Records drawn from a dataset
..........

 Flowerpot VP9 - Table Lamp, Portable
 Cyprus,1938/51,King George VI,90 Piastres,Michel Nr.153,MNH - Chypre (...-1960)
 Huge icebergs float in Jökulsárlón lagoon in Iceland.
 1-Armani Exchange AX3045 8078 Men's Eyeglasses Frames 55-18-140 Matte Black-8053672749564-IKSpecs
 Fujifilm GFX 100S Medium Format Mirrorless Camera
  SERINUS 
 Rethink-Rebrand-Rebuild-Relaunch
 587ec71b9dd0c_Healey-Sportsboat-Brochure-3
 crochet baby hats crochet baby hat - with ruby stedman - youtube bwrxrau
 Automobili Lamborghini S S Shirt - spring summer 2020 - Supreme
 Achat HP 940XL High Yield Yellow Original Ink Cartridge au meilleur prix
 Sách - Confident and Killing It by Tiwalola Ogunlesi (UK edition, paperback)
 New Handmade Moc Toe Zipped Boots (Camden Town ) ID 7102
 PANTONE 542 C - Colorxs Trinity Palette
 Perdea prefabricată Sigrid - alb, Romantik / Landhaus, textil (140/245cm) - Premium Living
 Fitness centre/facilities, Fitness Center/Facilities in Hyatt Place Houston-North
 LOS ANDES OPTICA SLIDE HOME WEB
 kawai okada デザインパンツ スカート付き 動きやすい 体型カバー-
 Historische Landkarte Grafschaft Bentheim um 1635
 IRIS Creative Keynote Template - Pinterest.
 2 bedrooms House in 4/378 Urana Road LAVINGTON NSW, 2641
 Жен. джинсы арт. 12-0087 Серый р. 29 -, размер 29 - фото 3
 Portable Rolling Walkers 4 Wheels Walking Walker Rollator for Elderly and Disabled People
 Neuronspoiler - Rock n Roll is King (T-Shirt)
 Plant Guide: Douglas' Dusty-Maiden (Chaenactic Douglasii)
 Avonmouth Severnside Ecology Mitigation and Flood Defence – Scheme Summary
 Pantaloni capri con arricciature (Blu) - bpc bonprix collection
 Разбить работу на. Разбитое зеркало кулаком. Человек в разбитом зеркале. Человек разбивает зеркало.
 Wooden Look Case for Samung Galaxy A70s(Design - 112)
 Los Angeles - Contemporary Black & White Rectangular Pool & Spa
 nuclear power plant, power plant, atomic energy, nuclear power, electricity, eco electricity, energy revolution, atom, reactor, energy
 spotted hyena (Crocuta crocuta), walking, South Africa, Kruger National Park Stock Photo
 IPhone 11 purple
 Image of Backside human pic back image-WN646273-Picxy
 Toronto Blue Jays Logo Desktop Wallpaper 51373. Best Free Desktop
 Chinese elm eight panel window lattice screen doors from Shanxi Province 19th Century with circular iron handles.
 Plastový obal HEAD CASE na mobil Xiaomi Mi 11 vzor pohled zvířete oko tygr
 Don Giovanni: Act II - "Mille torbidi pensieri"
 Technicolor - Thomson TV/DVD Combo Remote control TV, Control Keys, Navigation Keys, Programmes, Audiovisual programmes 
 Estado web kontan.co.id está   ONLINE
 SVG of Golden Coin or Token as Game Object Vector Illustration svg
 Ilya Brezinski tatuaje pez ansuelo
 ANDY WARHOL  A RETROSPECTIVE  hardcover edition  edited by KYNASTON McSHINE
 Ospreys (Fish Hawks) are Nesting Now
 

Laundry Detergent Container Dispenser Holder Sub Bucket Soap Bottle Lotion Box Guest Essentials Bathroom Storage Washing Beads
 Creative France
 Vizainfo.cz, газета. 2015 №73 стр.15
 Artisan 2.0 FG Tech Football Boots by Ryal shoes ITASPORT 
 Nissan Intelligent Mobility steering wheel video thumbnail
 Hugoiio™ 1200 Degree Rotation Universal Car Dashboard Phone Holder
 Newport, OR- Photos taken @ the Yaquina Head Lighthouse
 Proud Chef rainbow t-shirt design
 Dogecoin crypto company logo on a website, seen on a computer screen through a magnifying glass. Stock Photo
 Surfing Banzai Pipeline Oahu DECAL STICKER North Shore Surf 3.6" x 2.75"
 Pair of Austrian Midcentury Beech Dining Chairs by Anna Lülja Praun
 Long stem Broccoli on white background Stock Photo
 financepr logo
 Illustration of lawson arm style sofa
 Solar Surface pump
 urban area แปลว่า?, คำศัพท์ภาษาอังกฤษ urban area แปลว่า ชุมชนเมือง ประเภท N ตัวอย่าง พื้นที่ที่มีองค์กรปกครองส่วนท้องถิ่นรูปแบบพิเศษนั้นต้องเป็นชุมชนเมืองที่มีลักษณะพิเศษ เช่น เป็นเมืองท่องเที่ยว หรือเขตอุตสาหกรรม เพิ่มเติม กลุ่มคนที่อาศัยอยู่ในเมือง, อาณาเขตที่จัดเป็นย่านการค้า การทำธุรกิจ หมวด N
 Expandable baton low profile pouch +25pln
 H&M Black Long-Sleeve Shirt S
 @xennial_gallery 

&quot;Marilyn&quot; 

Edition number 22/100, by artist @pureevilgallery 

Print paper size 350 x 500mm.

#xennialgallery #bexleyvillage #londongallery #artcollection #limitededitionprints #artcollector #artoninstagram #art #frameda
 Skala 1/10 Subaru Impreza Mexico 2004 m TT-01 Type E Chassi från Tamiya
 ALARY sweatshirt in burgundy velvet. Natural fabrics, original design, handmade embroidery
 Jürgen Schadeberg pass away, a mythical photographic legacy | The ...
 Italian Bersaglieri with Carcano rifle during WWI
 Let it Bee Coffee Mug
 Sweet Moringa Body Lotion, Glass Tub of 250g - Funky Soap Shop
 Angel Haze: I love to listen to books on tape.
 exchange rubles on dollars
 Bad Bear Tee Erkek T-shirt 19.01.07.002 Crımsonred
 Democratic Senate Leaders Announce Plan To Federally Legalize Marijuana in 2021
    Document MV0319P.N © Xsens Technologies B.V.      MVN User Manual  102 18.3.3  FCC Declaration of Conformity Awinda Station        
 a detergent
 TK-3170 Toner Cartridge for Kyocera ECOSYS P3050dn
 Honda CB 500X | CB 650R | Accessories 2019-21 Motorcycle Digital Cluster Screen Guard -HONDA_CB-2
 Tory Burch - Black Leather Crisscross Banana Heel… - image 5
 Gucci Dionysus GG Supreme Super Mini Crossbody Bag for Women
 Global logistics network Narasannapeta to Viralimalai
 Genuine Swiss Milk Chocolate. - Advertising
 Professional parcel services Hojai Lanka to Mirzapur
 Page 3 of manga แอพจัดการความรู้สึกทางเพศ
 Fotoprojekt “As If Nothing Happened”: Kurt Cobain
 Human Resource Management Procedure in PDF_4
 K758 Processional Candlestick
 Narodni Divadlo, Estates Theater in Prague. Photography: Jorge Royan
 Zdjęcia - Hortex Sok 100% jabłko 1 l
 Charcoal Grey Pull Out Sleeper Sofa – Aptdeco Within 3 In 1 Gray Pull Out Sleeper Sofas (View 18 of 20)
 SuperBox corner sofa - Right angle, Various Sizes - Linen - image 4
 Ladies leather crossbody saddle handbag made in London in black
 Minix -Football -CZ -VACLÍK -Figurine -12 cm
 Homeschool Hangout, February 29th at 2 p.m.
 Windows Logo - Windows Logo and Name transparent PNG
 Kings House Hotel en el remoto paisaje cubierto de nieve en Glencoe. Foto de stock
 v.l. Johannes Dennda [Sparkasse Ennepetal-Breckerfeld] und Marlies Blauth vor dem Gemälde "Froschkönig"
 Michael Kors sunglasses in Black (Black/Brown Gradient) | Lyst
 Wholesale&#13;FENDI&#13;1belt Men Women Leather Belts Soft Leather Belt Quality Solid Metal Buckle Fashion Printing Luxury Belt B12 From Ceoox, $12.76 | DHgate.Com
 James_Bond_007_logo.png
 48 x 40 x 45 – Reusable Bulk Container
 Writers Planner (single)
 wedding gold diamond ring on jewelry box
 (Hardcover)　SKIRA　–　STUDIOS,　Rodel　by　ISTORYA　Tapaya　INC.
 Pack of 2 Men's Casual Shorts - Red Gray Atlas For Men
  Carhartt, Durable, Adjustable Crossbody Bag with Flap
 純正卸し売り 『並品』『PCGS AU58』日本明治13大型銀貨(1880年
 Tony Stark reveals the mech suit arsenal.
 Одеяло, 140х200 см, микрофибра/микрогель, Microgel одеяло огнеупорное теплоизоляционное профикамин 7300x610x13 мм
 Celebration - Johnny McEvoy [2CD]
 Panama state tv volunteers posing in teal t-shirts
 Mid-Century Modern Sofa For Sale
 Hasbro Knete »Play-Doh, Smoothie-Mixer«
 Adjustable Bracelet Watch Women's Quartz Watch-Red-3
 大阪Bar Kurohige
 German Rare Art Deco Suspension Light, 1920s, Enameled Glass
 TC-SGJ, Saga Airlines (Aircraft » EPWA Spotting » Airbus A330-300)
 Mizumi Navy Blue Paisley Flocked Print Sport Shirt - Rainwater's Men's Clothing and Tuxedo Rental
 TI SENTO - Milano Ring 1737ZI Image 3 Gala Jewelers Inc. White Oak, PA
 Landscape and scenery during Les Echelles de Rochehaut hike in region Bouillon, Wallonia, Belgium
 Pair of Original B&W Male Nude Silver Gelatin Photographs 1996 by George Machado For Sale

..........

* [WORK INSTRUCTIONS] Please return only the lines above, starting at the line that has "Italian Bersaglieri with" and ending at the line that has "Democratic Senate Leaders", keeping both and leaving each one unchanged.

* [ANSWER SECTION]
 Italian Bersaglieri with Carcano rifle during WWI
 Let it Bee Coffee Mug
 Sweet Moringa Body Lotion, Glass Tub of 250g - Funky Soap Shop
 Angel Haze: I love to listen to books on tape.
 exchange rubles on dollars
 Bad Bear Tee Erkek T-shirt 19.01.07.002 Crımsonred
 Democratic Senate Leaders Announce Plan To Federally Legalize Marijuana in 2021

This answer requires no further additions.